Within this contrast, Strober and his colleague scholars all had the belief that their scientific experiment would propose that the cause of anorexia is hereditarily predisposed. Their approach had something to do with direct interviews with all "first-degree and available second-degree relatives of probands" on any analysis of eating illnesses and other questions that are relating to behaviors that are specific (Strober, 2009). The scholars in this experiment made the choice to ask all relatives questions that were pertaining to their eating behaviors, perfect body shape, "dietary constraint," personality traits that were involving control, exercise rites, and "patterns of losing weight and then gaining it back again" (Strober, 2009). The account of all probands and their families were also encompassed in the analysis.

What is anorexia nervosa?

People that are dealing with anorexia nervosa have an intense fear of putting on the pounds and a twisted point-of-view of what they think that their body size and shape should look like. This distress can turn into a mania, in which the person seriously starts to believe that they actually need to get to a body weight that is low, either by starving themselves or sharing in extreme exercise. It is said that when a person weighs less than 85% of the desirable weight and still doubts about being fat, the probable analysis is anorexia nervosa (Zimbardo, 2009, p. 409). This illness is supposed to be one of the lethal psychiatric disorders.

What are the signs and indications of anorexia nervosa?

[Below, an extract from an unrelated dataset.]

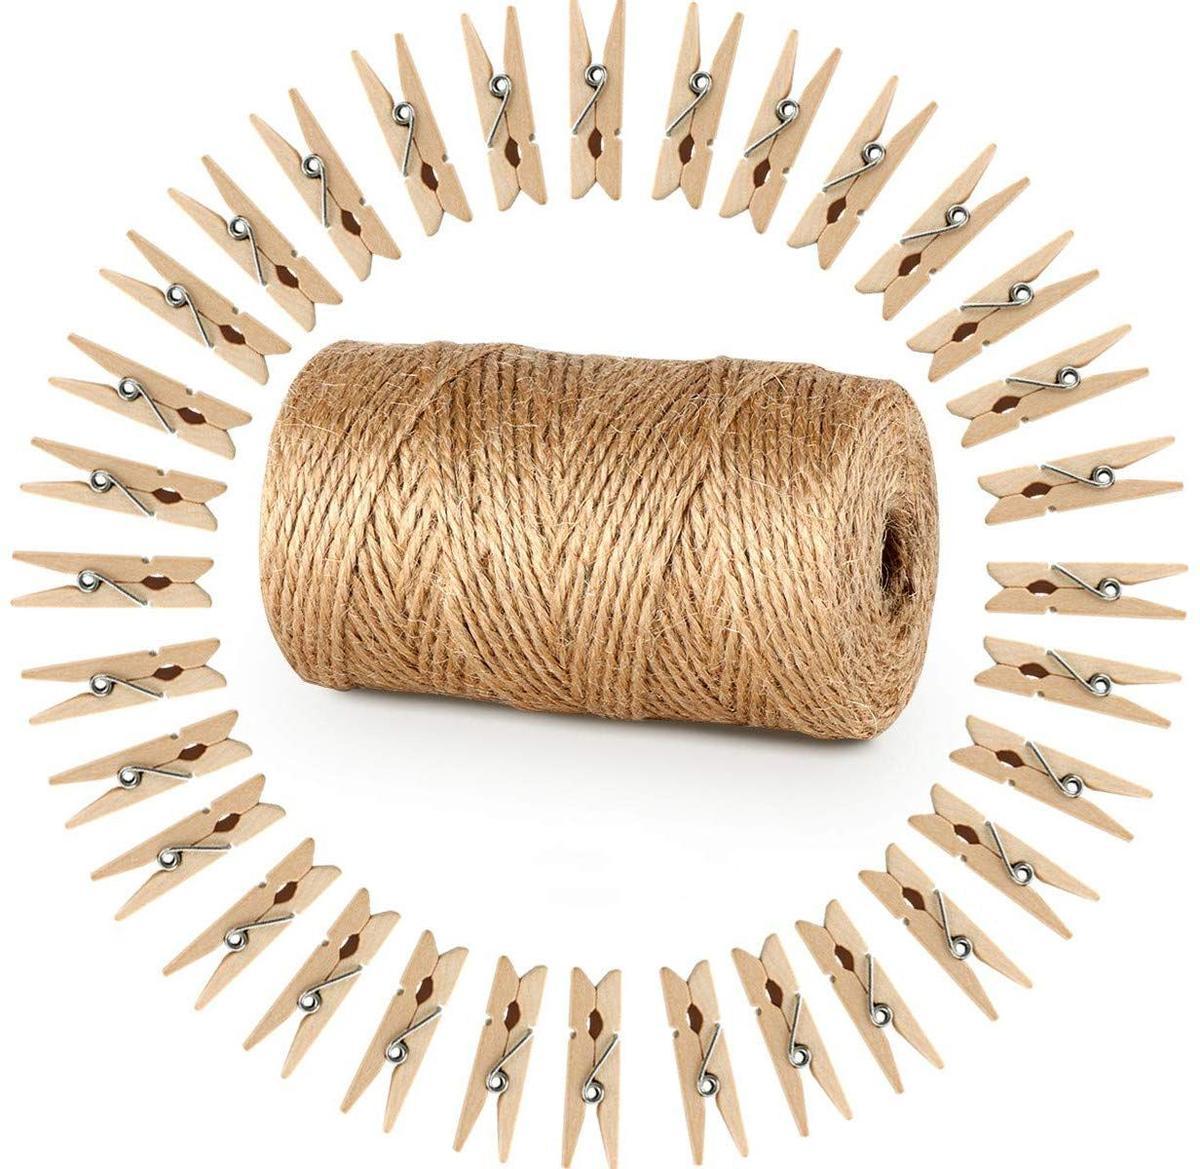 Cuerda de cáñamo más pinzas de madera (Precio: 9,89 euros)

People that are dealing with anorexia nervosa frequently hide their circumstances but as the disorder developments, the signs and indications become clearer and too problematic to repudiate. The eating and food conduct symptoms and signs of anorexia nervosa comprise dieting in spite of being thin and fixation with calories, the fat grams on the labels, and nutrition, pretending to eat or make up some lies regarding eating, obsession with food, and odd or private food rites (Healthguide, 2001-2010, sec. 2). The form and body image…

Sources Used in Documents:

cited in Stevens, 1983) have also been used to a perception of eating disorder, and literature developing from these two methods is measured in the following table which displays how a person that is suffering from the disorder feels about themselves

What are the effects of anorexia nervosa?

Anorexia has an emotional impact on the whole body. When the body is not getting the energy it requests to purpose normally, it goes into a mode of starvation. The body decelerates down and then turns to itself to gather the nutrients it needs, meaning the body starts to devour itself and the medical difficulties heap up (Healthguide, 2001-2010, sec. 2). Anorexics can suffer from not having their menstrual periods, anemia, little body fluids, withered bones, loss of mineral, changes in brain chemistry, unbalanced heartbeat, failure of the kidney, failure of the heart, the growth of osteoporosis, and in the end death (Kids Health. 1995-2010).

How can anorexia nervosa be treated?

Treatment for this disease stresses significantly on the physical and psychological features of the issue. Rendering to the National Institute of Mental Health (12 June 2009. Health Topic sec), treating anorexia comprises of three constituents: reinstating the individual to a health weight; handling the psychological matters that are related to the eating disorder; and plummeting or removing performances or opinions that lead to disorderly eating, and thwarting deterioration or relapse. The medical treatment for anorexia sometimes can involve hospitalization. Therapy is another constituent in treating anorexia. Some methods of therapy comprise of behavior therapy, family therapy nutritional counseling, cognitive therapy, and group rehabilitation (Heathguide, 2001-2010, sec 2.).